On 2017-06-02 18:26, John Van Ostrand wrote:
On Fri, Jun 2, 2017 at 5:18 AM, Jef Driesen jef@libdivecomputer.org wrote:
Can you reformat your commit message to follow the standard git format? You can find a very nice description here:
It's been a while since I used git and it became clear after doing a couple commits that I forgot how commit messages appear.
No problem at all. It takes some learning.
Anyway, with git you can very easily modify commits afterwards (commit message and/or content) to submit an updated patch.
git rebase --interactive git commit --amend
// Validate
if (sample_start_address <
device->layout->rb_profile_begin ||
sample_start_address >
device->layout->rb_profile_end ||
sample_end_address <
device->layout->rb_profile_begin ||
(sample_end_address >
device->layout->rb_profile_end &&
sample_end_address != 0xFFFFFFFF)) {
continue;
}
Why did you remove the validation? Now you are using data that is potentially bogus. That's a bad idea!
The cochran_commander_profile_size() function returns sample_size of 0 if these values are bad. If the sample_size is 0 we don't use the data. Although I notice that in one case it will alter sample_end_address, so I added that to the foreach function too.
You are right. I didn't notice that, and that's exactly why I still don't like this construct. I prefer to do the validation right away. That way, the data is always safe to use. Now, you'll run into problems if there is a code path where the function isn't called.

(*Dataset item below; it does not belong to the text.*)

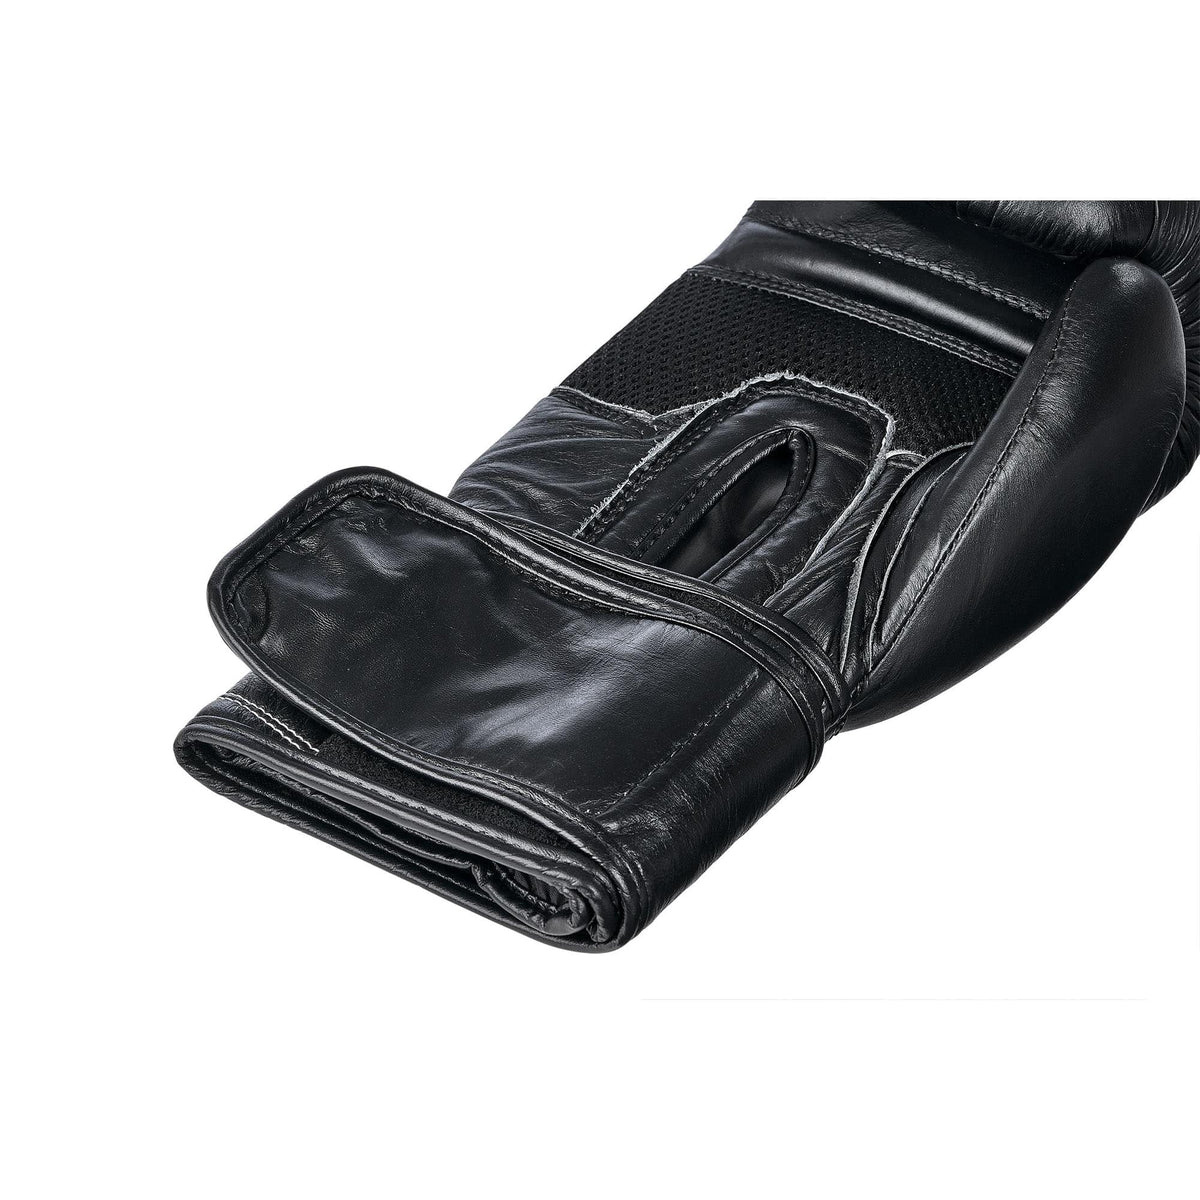 Klettverschluss Innenseite schwarze Boxhandschuhe aus Leder in einer größeren Aufnahme, auch die Innenseite der Boxhandschuhe sind sichtbar 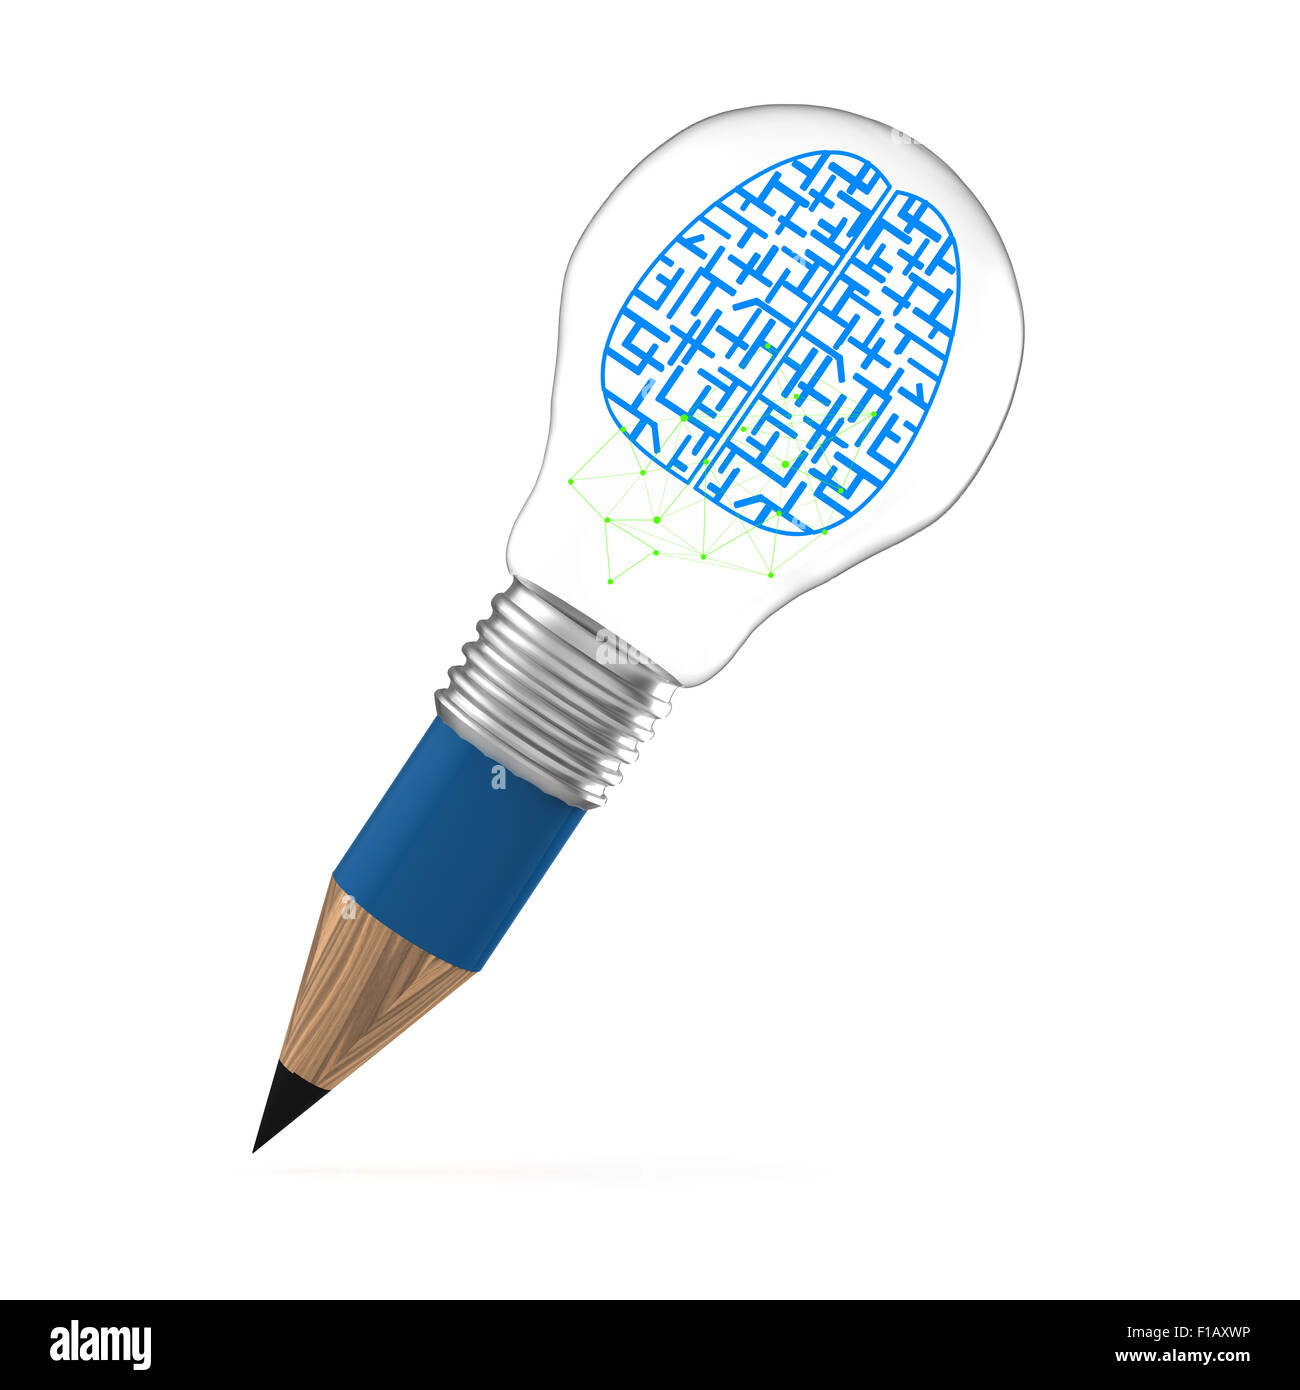 L'idée du cerveau créatif que ampoule crayon concept créatif Banque D'Images

BTW, I usually also prefer to report errors instead of silently ignoring them. It's might be a bit less convenient for the end-user that runs into the problem, but bug fixing becomes easier. Because that makes the difference between a bugreport saying "something looks wrong" versus "it fails with error X (at line Y in file Z)".
do {
rc = cochran_commander_read
(device, &progress, sample_start_address, dive + device->layout->rb_logbook_entry_size, sample_size);
} while (rc != DC_STATUS_SUCCESS &&
tries++ < 3);
What's the reason for the retrying here? You don't do it elsewhere (for example when reading the logbook, or from the cochran_commander_device_{read,dump} functions), so I wonder what's different here.
Reading from the Cochran at the high baud rates isn't reliable. Very large reads (multiple MB) result in errors about 1/3rd of the time. This is reason why I decided to read each dive profile individually. Small reads are more reliable but when reading hundreds of times it's likely a read error will occur.
In that case you should integrate the retrying in the cochran_commander_read() function itself (or some extra helper function). Then you no longer have to duplicate the retrying code everywhere the function is being called.
if (rc != DC_STATUS_SUCCESS) {
ERROR (abstract->context,
"Failed to read the sample data.");
return rc;
Again a memory leak here! There are two similar ones a few lines below.
Fixed.
There is still memory leak left. The "dive" pointer isn't freed when you jump to the error handler.